# Oleksiy Klurman: Multiplicative functions in short arithmetic progressions and applications

**Time: **
Wed 2019-09-25 11.00

**Location: **
F11, KTH math department

**Participating: **
Oleksiy Klurman, MPIM Bonn

We study for bounded multiplicative functions f sums of the form

\sum_{\substack{n\leq x\\n\equiv a\pmod q}}f(n)

establishing a theorem stating that their variance over residue

classes a \pmod q is small as soon as q=o(x), for almost all moduli q,

with a nearly power saving exceptional set of q. This sharply improves

on previous classical results of Hooley on

Barban--Davenport--Halberstam type theorems for such f, and moreover

our exceptional set is essentially optimal unless one is able to make

progress on certain well-known conjectures.

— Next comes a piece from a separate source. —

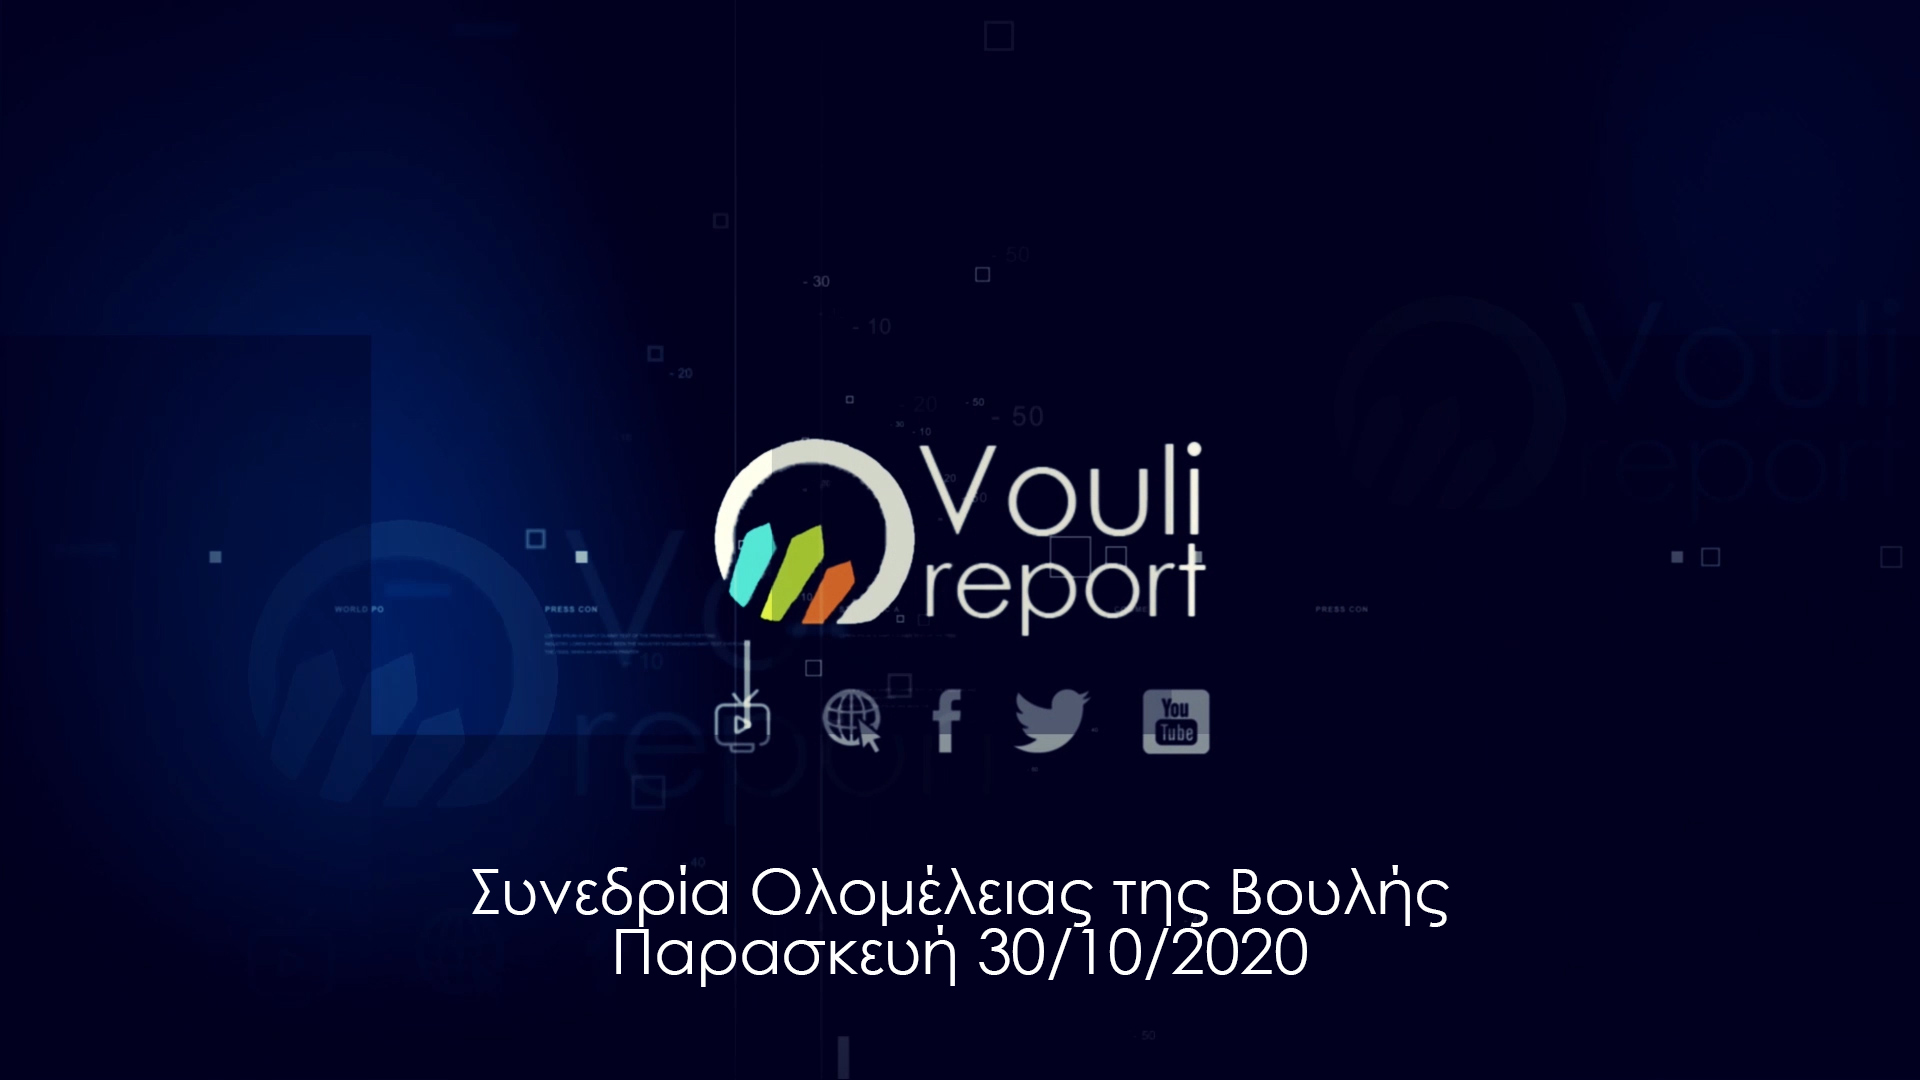 Vouli report | Συνεδρία Ολομέλειας της Βουλής - Παρασκευή 30/10/2020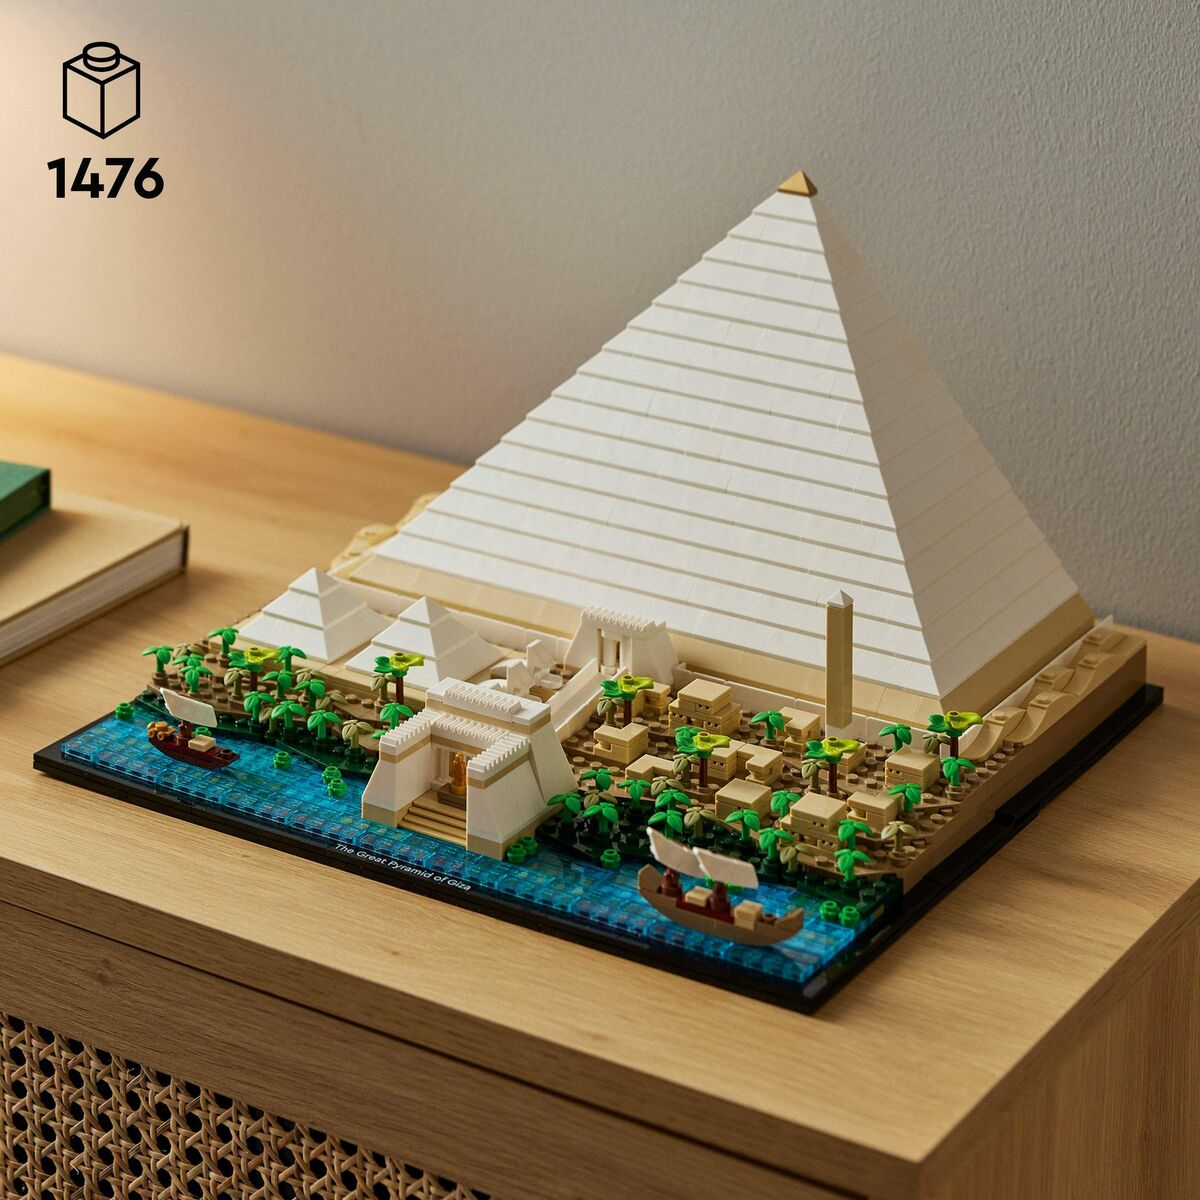 Playset Lego 21058 Architecture The Great Pyramid of Giza 1476 Pezzi - Disponibile in 3-4 giorni lavorativi

These results are special cases of a ''hybrid result'' that we

establish that works for sums of f(n) over almost all short intervals

and arithmetic progressions simultaneously, thus generalizing the

breakthrough work of Matom\"aki and Radziwi\l{}\l{} on multiplicative

functions in short intervals.

We also consider the maximal deviation of f(n) over all residue

classes a\pmod q in the square-root range q\leq x^{1/2-\varepsilon},

and show that it is small for ''smooth-supported'' f, again apart from

a nearly power saving set of exceptional q, thus providing a smaller

exceptional set than what follows from the celebrated

Bombieri--Vinogradov-type theorems.

As an application of our methods, we consider the analogue of the

classical Linnik's theorem on the least prime in an arithmetic

progression for products of exactly three primes, and prove the

exponent 2+o(1)for this problem for all smooth values of q and for all

but a few prime moduli q. This is consistent with what was previously

known assuming GRH. This is based on a joint work with A. Mangerel

(CRM) and J. Teravainen (Oxford).